O eclipse solar que lança sombras sobre um belo pomar é um símbolo que o veterano diretor francês André Téchiné utiliza como isca na abertura de “Adeus à Noite”. Esta escuridão em pleno dia, fenômeno natural que outrora era visto como sinal de mau agouro, aqui ressurge como prefiguração da crise e da desordem que coloca frente a frente o fanatismo e a razão, o impulso vingativo e o ideal de justiça.
Téchiné explora, com sua elegância costumeira, os temas correlatos da transgressão e da coerção, frequentes em sua obra, ajustando-os a impasses contemporâneos. Agora não é mais a sexualidade ou a marginalidade que o diretor enfoca, mas a islamização. O astucioso argumento de Téchiné e do roteirista iraquiano Amer Alwan baseia-se na desconfiança ou no medo declarado ao outro, visto como estranho, por causa dos costumes e da fé, ou como estrangeiro, por causa da língua e da cor da pele.
Alex é um jovem francês, loiro e de olhos claros, que se radicaliza e pretende lutar como soldado do Estado Islâmico, transformando-se em mártir. No papel de avó do rapaz, Catherine Deneuve, com cabelos castanhos, interpreta Muriel, personagem cujas origens argelinas remetem ao passado colonialista da França e representa a forçosa convivência do país com seu passado.
Para tentar impedir a fuga do neto, Muriel pede ajuda a Fouad, jovem árabe recém-libertado após cumprir pena por terrorismo. Estas trocas incessantes de posições impedem a fixação dos estereótipos, que insistem em representar o branco como vítima e o terrorista como alguém de cor escura.
Téchiné é, porém, um cineasta de nuances, não acreditaria que basta inverter papéis para superar a infertilidade do maniqueísmo. Alex e Lila, sua noiva de origem árabe, renegam uma sociedade que julgam estar corrompida.

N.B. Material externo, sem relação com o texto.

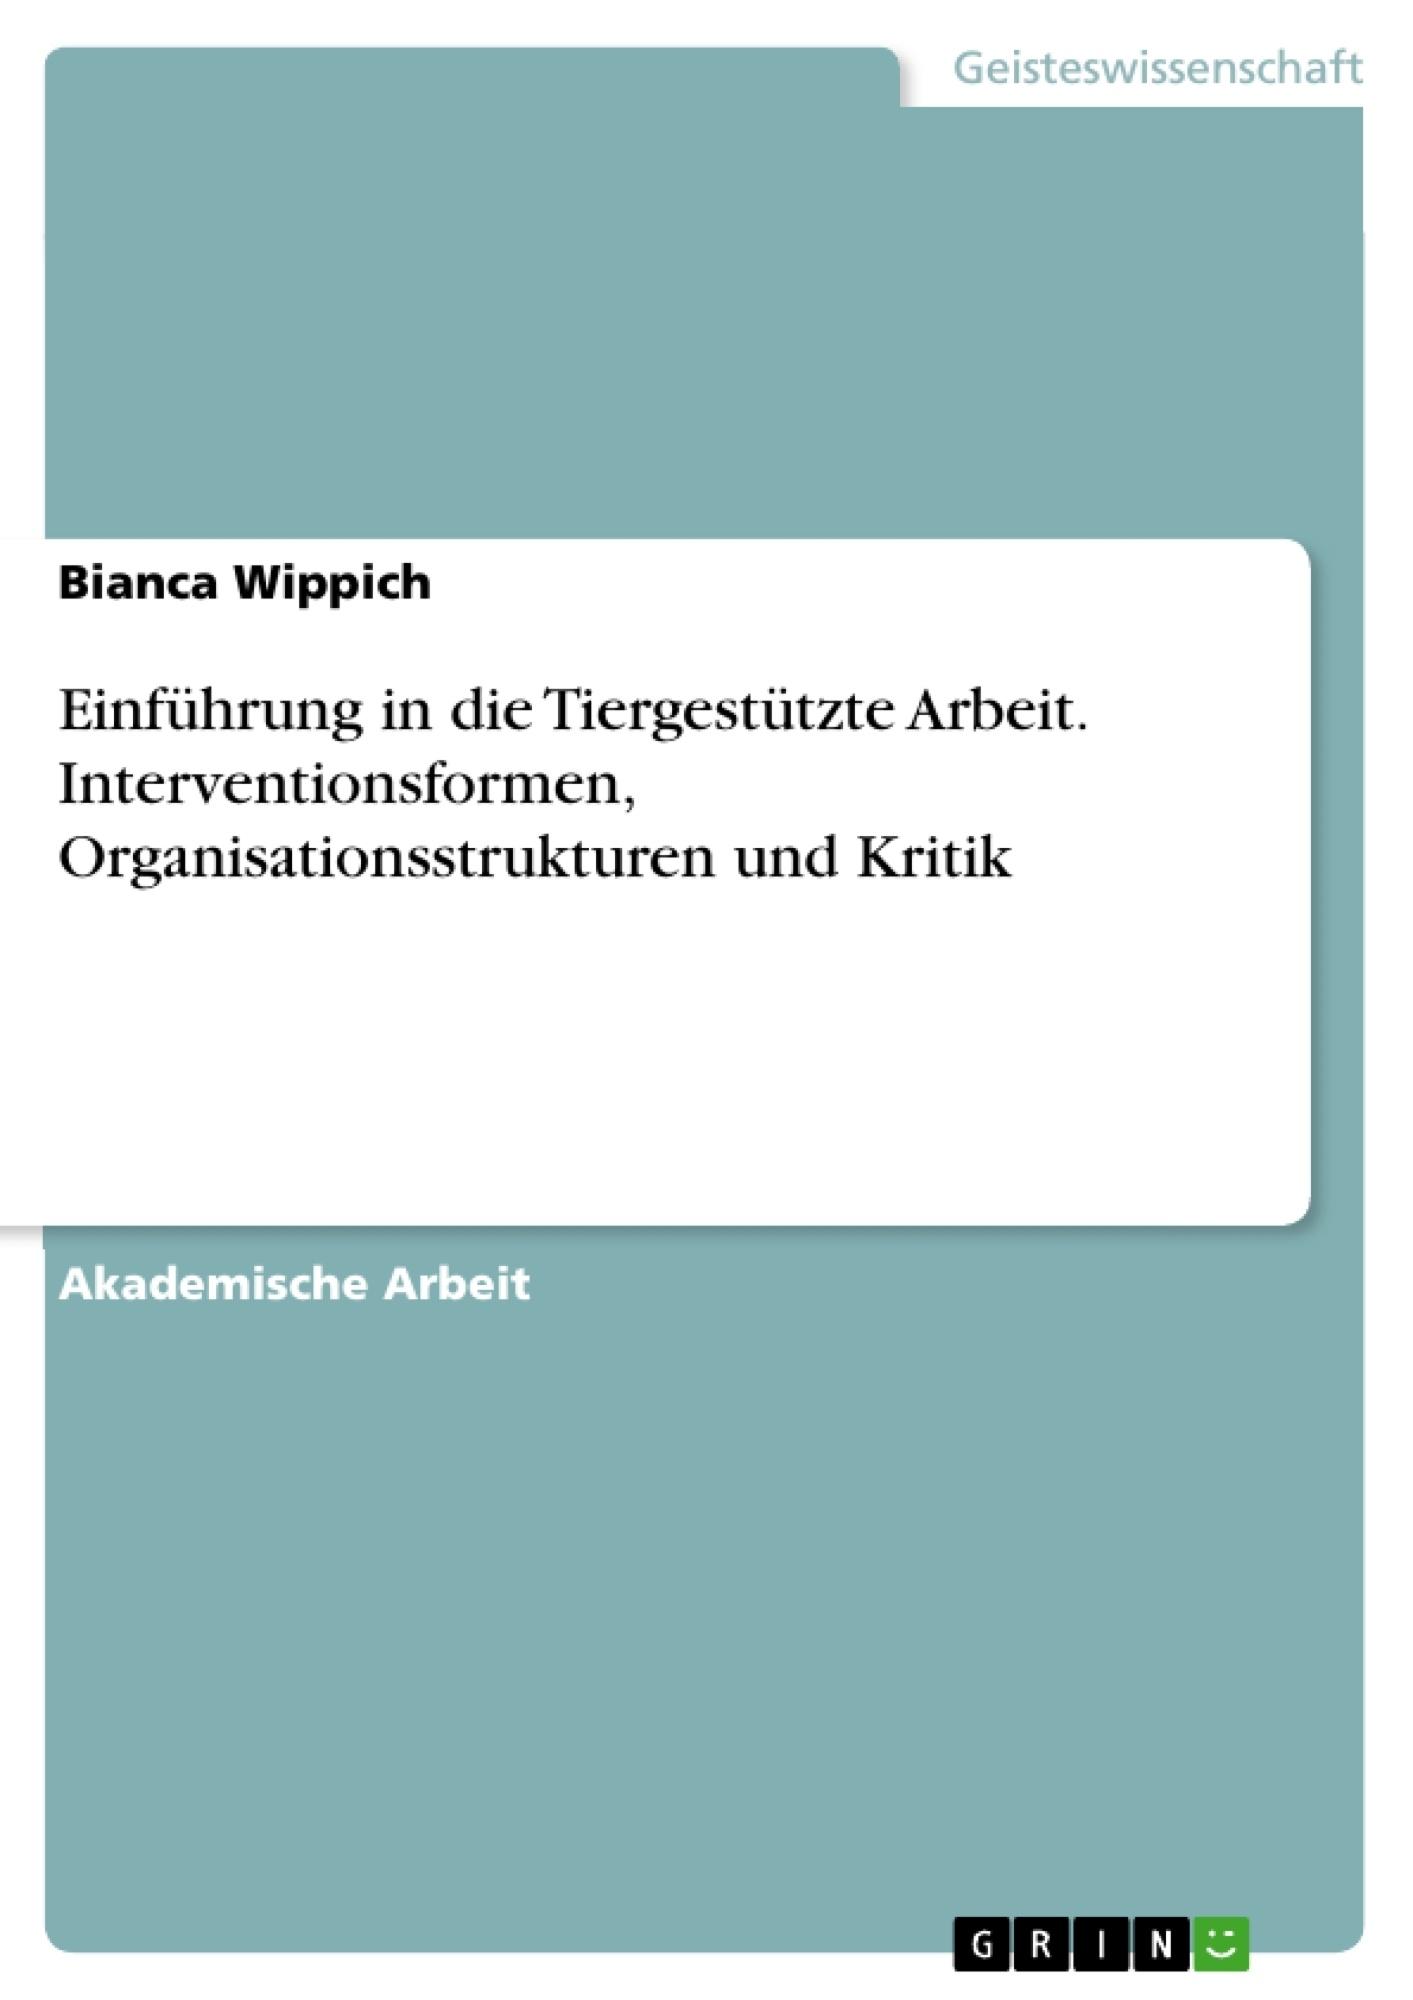 Titel: Einführung in die Tiergestützte Arbeit. Interventionsformen, Organisationsstrukturen und Kritik

O passado de Muriel sinaliza, ao contrário, a necessidade da assimilação e o trabalho dela como administradora de uma fazenda envolve técnicas de replantio para obter a melhor colheita.
Desse modo, o filme se desloca do beco sem saída da oposição bem versus mal para pôr em cena a reemergência do discurso da purificação que faz subir a maré de fundamentalismo, de nacionalismo e de medo das diferenças que ameaça nos afogar.